◆ RAW DATA
::::

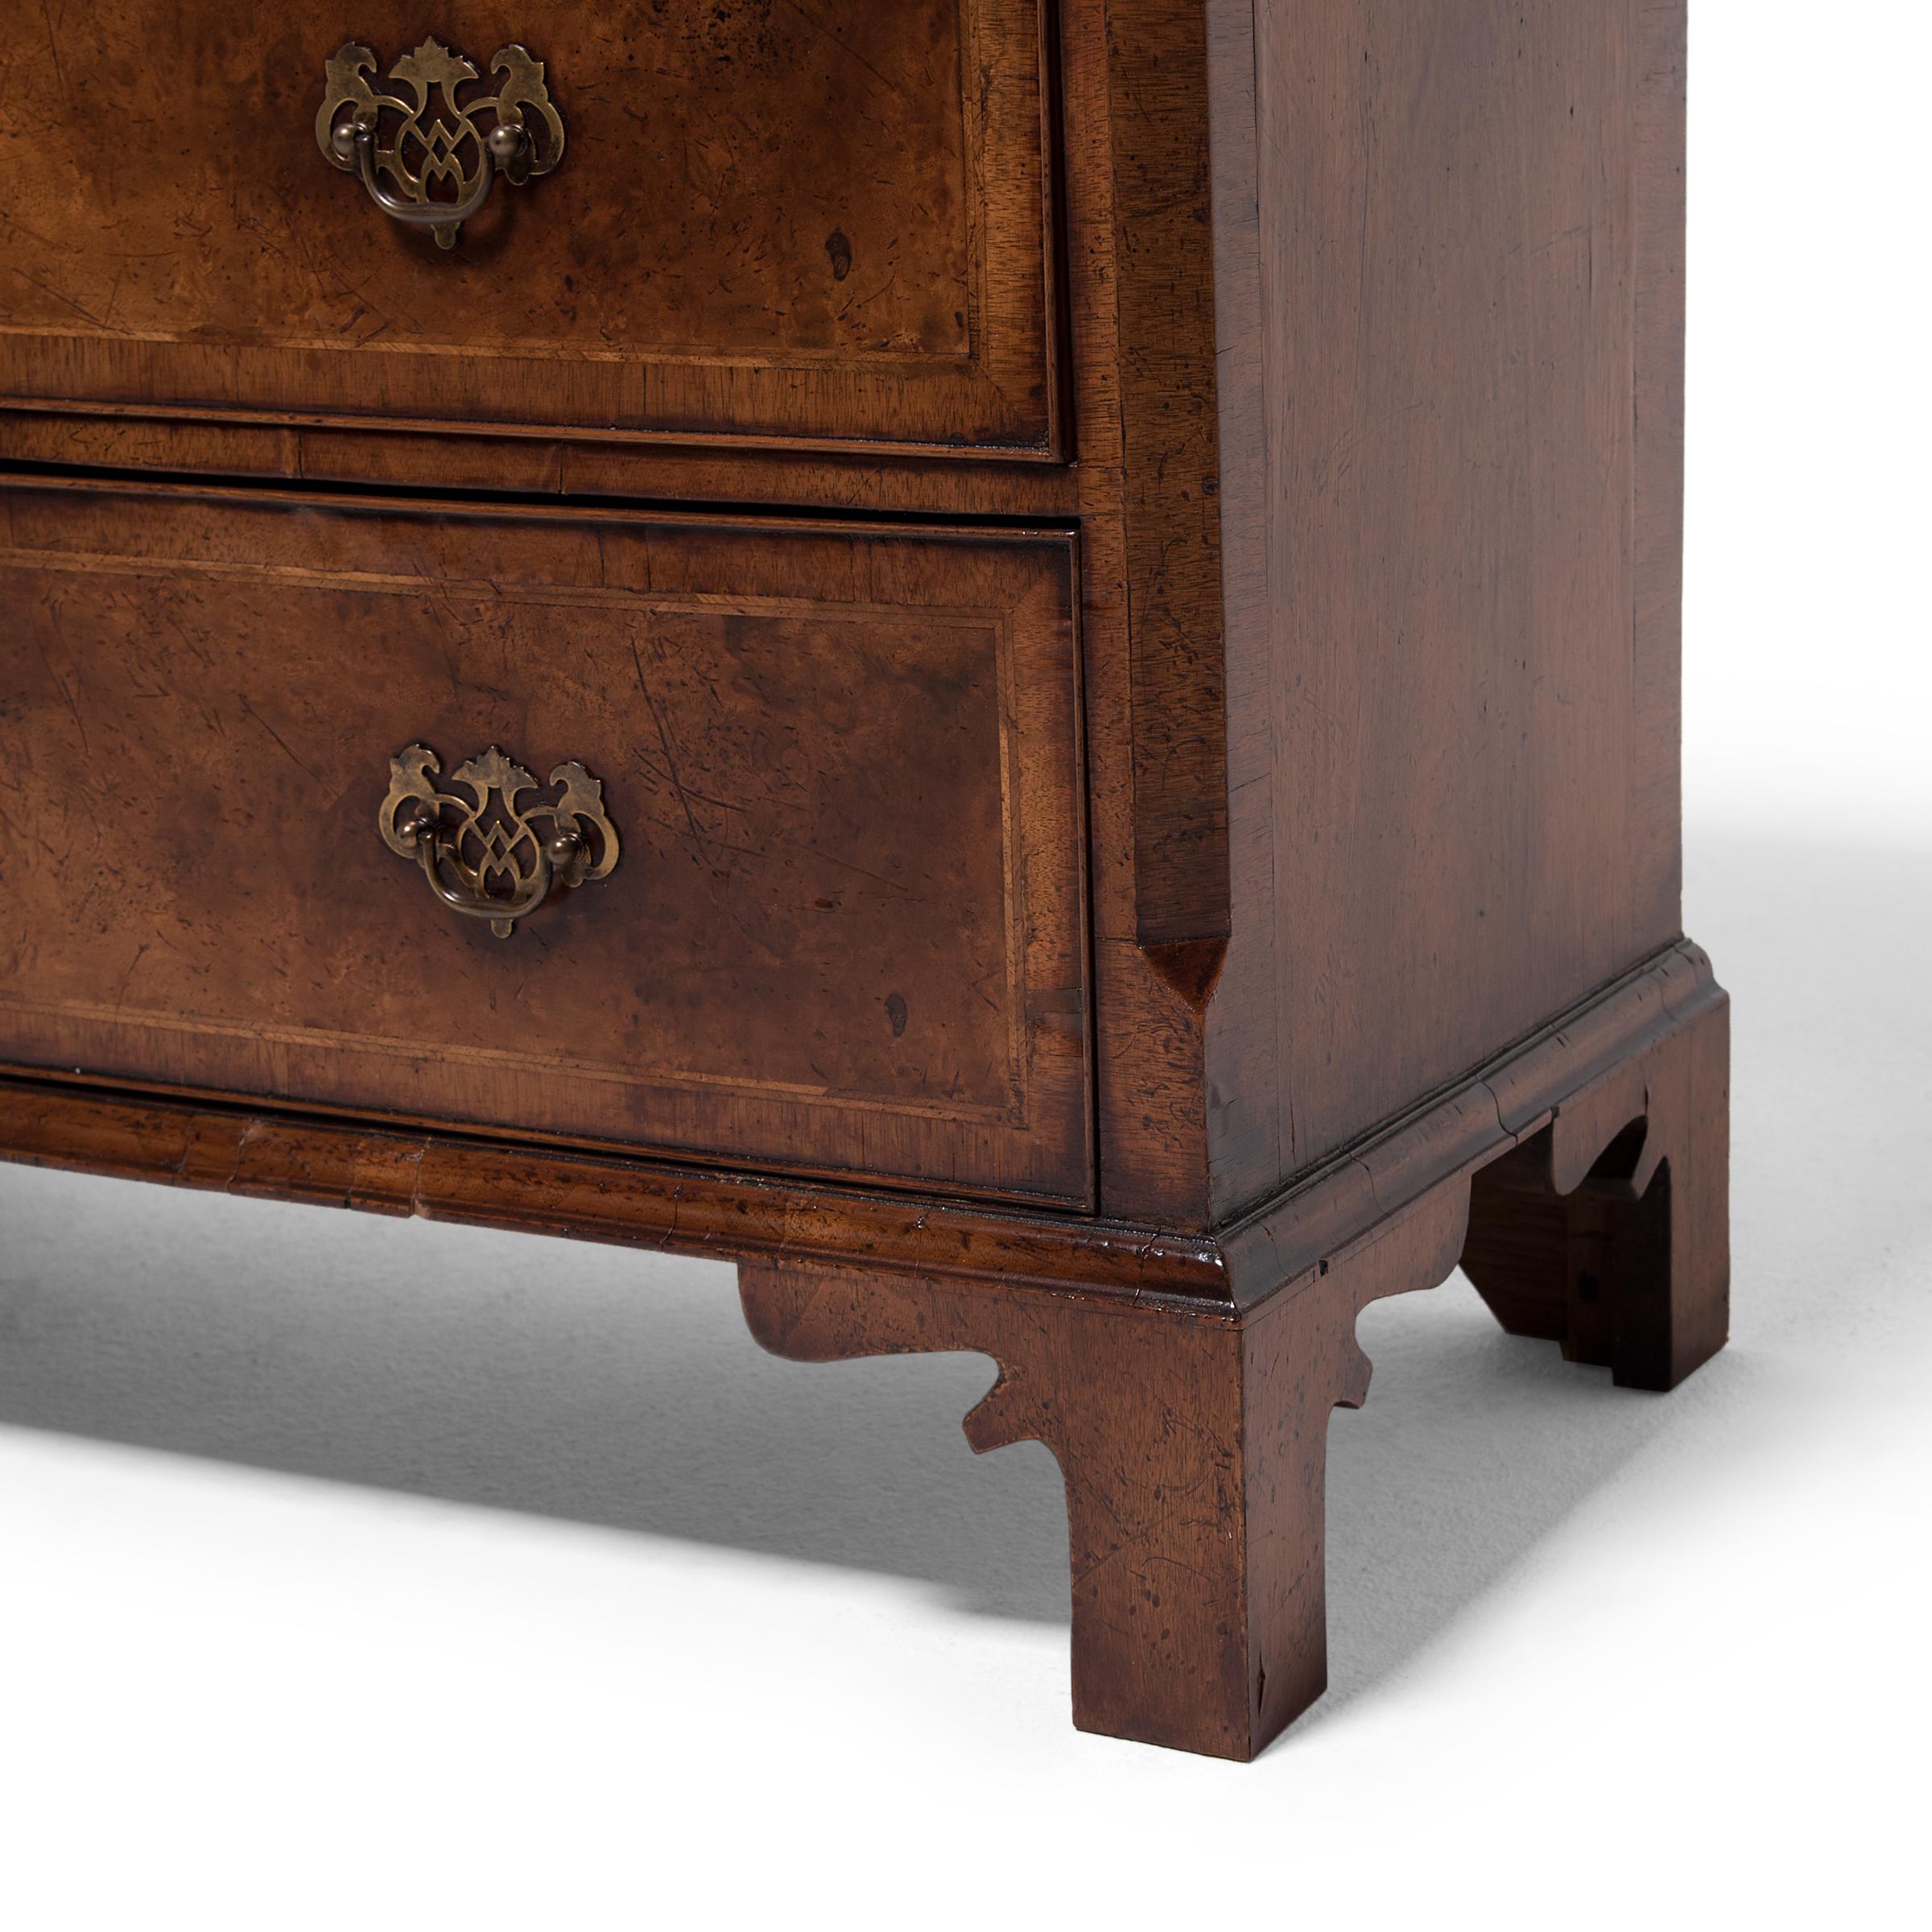 Brass Queen Anne Style Burled Walnut Chest of Drawers, c. 1800 For Sale
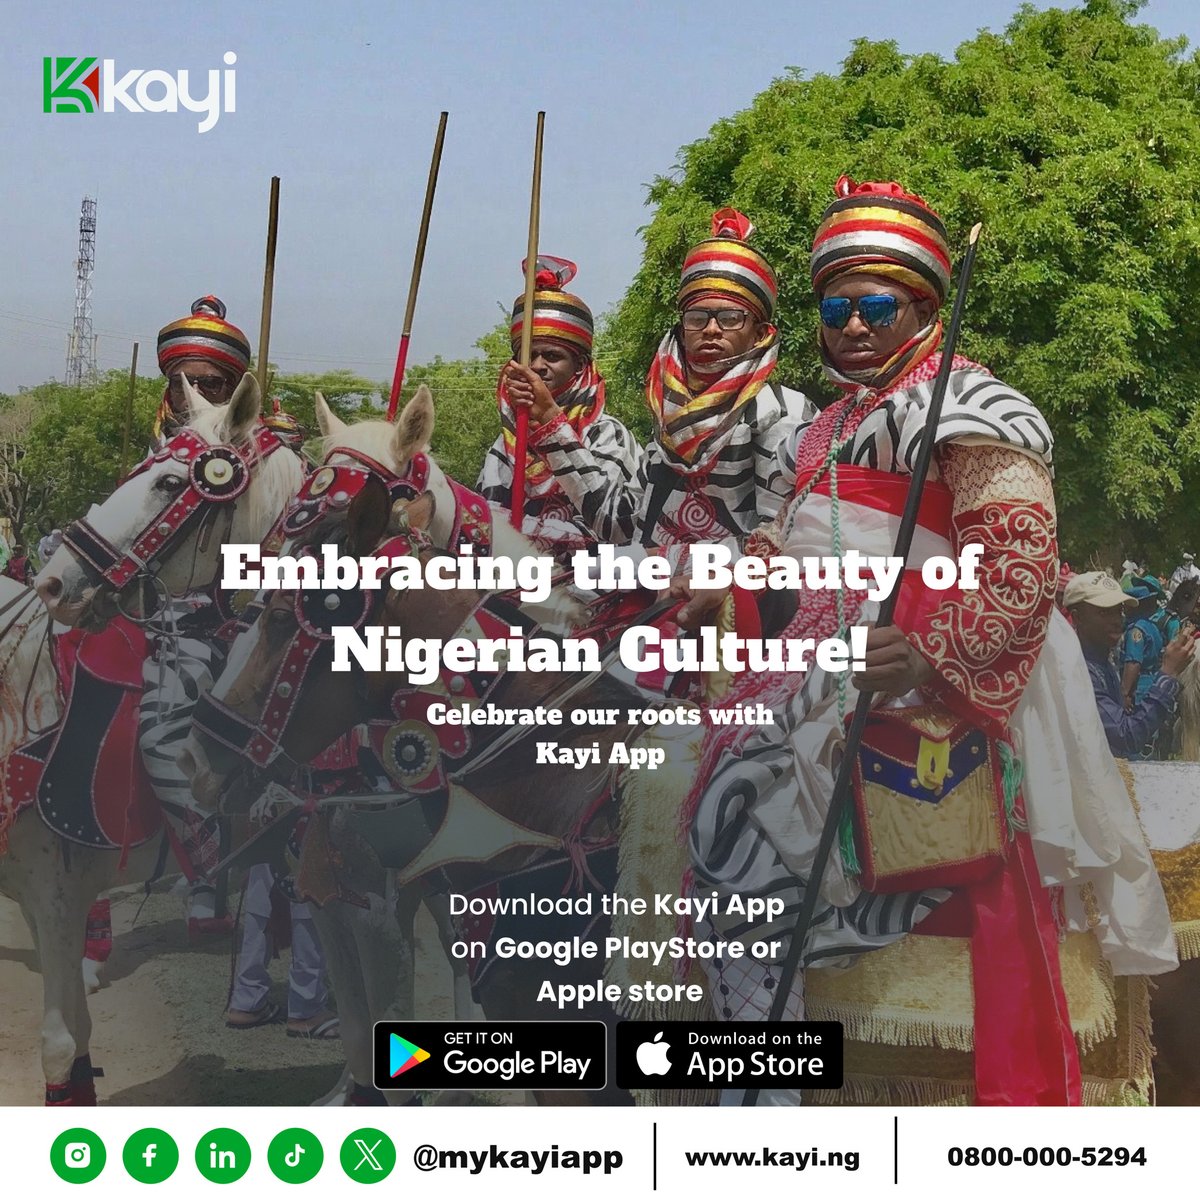 Experience the power of connection with KayiApp! Regardless of culture or tradition, join the movement today to embrace our rich cultural heritage. Download MyKayiApp now on Google Store or Apple Store.

#MyKayiApp #NowLive #DownloadNow #Bankingwithoutlimits #downloadmykayiapp

::::

◆ WHAT YOU HAVE TO DO
Images in the data above are to be skipped. Retype all other material exactly.

◆ THE COMPLETED TASK
 Brass Queen Anne Style Burled Walnut Chest of Drawers, c. 1800 For Sale
 Experience the power of connection with KayiApp! Regardless of culture or tradition, join the movement today to embrace our rich cultural heritage. Download MyKayiApp now on Google Store or Apple Store.

#MyKayiApp #NowLive #DownloadNow #Bankingwithoutlimits #downloadmykayiapp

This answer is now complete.